• _WORK ITEM_
Find "Jane Embroidered Shift" in the data below; transcribe the line it appears on and each line after it, exactly, to the end, and nothing else.

• _DATA FOR REVIEW_
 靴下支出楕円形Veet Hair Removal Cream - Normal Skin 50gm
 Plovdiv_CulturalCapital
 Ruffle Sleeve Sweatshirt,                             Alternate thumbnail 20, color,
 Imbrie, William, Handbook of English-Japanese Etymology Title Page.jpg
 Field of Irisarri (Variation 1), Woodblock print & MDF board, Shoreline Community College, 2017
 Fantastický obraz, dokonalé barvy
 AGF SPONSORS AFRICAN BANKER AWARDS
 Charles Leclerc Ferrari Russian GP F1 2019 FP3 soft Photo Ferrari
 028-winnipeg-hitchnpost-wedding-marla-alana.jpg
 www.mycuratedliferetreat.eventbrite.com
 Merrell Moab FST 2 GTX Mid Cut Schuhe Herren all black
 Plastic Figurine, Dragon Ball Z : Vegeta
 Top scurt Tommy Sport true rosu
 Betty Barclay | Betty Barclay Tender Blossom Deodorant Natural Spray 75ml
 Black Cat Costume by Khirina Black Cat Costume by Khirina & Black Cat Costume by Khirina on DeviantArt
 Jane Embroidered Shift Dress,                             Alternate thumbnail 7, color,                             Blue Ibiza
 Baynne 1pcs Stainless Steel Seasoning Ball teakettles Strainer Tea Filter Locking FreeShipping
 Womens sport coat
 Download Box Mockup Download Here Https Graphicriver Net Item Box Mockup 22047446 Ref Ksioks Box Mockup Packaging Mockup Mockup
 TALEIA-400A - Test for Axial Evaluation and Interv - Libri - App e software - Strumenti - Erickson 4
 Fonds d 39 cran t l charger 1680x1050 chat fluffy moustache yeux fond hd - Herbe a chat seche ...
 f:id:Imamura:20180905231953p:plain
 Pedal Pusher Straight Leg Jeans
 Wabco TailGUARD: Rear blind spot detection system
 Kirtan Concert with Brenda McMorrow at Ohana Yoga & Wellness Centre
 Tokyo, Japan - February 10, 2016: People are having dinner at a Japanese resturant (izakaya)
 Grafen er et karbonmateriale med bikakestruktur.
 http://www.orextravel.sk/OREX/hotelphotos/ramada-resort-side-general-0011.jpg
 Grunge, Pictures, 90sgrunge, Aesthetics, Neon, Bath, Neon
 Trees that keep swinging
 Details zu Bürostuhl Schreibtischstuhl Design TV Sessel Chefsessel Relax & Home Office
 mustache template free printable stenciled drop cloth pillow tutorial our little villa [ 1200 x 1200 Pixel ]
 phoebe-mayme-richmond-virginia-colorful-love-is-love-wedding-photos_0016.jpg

• _TASK RESULT_
 Jane Embroidered Shift Dress,                             Alternate thumbnail 7, color,                             Blue Ibiza
 Baynne 1pcs Stainless Steel Seasoning Ball teakettles Strainer Tea Filter Locking FreeShipping
 Womens sport coat
 Download Box Mockup Download Here Https Graphicriver Net Item Box Mockup 22047446 Ref Ksioks Box Mockup Packaging Mockup Mockup
 TALEIA-400A - Test for Axial Evaluation and Interv - Libri - App e software - Strumenti - Erickson 4
 Fonds d 39 cran t l charger 1680x1050 chat fluffy moustache yeux fond hd - Herbe a chat seche ...
 f:id:Imamura:20180905231953p:plain
 Pedal Pusher Straight Leg Jeans
 Wabco TailGUARD: Rear blind spot detection system
 Kirtan Concert with Brenda McMorrow at Ohana Yoga & Wellness Centre
 Tokyo, Japan - February 10, 2016: People are having dinner at a Japanese resturant (izakaya)
 Grafen er et karbonmateriale med bikakestruktur.
 http://www.orextravel.sk/OREX/hotelphotos/ramada-resort-side-general-0011.jpg
 Grunge, Pictures, 90sgrunge, Aesthetics, Neon, Bath, Neon
 Trees that keep swinging
 Details zu Bürostuhl Schreibtischstuhl Design TV Sessel Chefsessel Relax & Home Office
 mustache template free printable stenciled drop cloth pillow tutorial our little villa [ 1200 x 1200 Pixel ]
 phoebe-mayme-richmond-virginia-colorful-love-is-love-wedding-photos_0016.jpg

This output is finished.